▶ Work item:
Transcribe the entries below without alteration.

▶ Exercise data:
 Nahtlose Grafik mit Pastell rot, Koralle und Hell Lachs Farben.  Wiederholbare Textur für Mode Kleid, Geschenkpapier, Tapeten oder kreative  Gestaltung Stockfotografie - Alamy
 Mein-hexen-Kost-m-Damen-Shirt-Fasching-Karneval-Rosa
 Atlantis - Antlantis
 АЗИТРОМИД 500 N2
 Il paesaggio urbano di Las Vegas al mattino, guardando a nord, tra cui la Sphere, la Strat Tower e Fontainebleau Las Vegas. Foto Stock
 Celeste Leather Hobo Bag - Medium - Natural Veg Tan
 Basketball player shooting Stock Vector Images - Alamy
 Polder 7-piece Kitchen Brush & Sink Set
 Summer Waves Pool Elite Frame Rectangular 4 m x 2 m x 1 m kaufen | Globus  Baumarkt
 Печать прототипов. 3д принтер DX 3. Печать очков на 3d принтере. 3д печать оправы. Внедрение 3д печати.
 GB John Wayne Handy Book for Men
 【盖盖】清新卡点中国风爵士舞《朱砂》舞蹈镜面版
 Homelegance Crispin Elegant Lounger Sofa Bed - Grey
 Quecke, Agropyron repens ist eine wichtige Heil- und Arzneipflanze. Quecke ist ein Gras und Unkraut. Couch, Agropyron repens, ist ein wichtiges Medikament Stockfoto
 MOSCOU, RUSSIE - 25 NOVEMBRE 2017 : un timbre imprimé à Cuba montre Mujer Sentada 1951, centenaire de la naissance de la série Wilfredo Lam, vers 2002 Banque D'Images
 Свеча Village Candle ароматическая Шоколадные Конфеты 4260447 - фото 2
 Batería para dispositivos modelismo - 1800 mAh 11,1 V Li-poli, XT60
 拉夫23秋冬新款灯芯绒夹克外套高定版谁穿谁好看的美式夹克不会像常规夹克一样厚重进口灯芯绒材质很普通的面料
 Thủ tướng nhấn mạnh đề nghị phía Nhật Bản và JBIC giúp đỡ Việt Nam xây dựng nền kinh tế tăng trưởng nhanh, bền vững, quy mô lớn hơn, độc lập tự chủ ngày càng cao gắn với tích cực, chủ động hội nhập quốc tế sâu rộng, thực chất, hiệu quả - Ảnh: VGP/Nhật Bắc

▶ Exercise output:
 Nahtlose Grafik mit Pastell rot, Koralle und Hell Lachs Farben.  Wiederholbare Textur für Mode Kleid, Geschenkpapier, Tapeten oder kreative  Gestaltung Stockfotografie - Alamy
 Mein-hexen-Kost-m-Damen-Shirt-Fasching-Karneval-Rosa
 Atlantis - Antlantis
 АЗИТРОМИД 500 N2
 Il paesaggio urbano di Las Vegas al mattino, guardando a nord, tra cui la Sphere, la Strat Tower e Fontainebleau Las Vegas. Foto Stock
 Celeste Leather Hobo Bag - Medium - Natural Veg Tan
 Basketball player shooting Stock Vector Images - Alamy
 Polder 7-piece Kitchen Brush & Sink Set
 Summer Waves Pool Elite Frame Rectangular 4 m x 2 m x 1 m kaufen | Globus  Baumarkt
 Печать прототипов. 3д принтер DX 3. Печать очков на 3d принтере. 3д печать оправы. Внедрение 3д печати.
 GB John Wayne Handy Book for Men
 【盖盖】清新卡点中国风爵士舞《朱砂》舞蹈镜面版
 Homelegance Crispin Elegant Lounger Sofa Bed - Grey
 Quecke, Agropyron repens ist eine wichtige Heil- und Arzneipflanze. Quecke ist ein Gras und Unkraut. Couch, Agropyron repens, ist ein wichtiges Medikament Stockfoto
 MOSCOU, RUSSIE - 25 NOVEMBRE 2017 : un timbre imprimé à Cuba montre Mujer Sentada 1951, centenaire de la naissance de la série Wilfredo Lam, vers 2002 Banque D'Images
 Свеча Village Candle ароматическая Шоколадные Конфеты 4260447 - фото 2
 Batería para dispositivos modelismo - 1800 mAh 11,1 V Li-poli, XT60
 拉夫23秋冬新款灯芯绒夹克外套高定版谁穿谁好看的美式夹克不会像常规夹克一样厚重进口灯芯绒材质很普通的面料
 Thủ tướng nhấn mạnh đề nghị phía Nhật Bản và JBIC giúp đỡ Việt Nam xây dựng nền kinh tế tăng trưởng nhanh, bền vững, quy mô lớn hơn, độc lập tự chủ ngày càng cao gắn với tích cực, chủ động hội nhập quốc tế sâu rộng, thực chất, hiệu quả - Ảnh: VGP/Nhật Bắc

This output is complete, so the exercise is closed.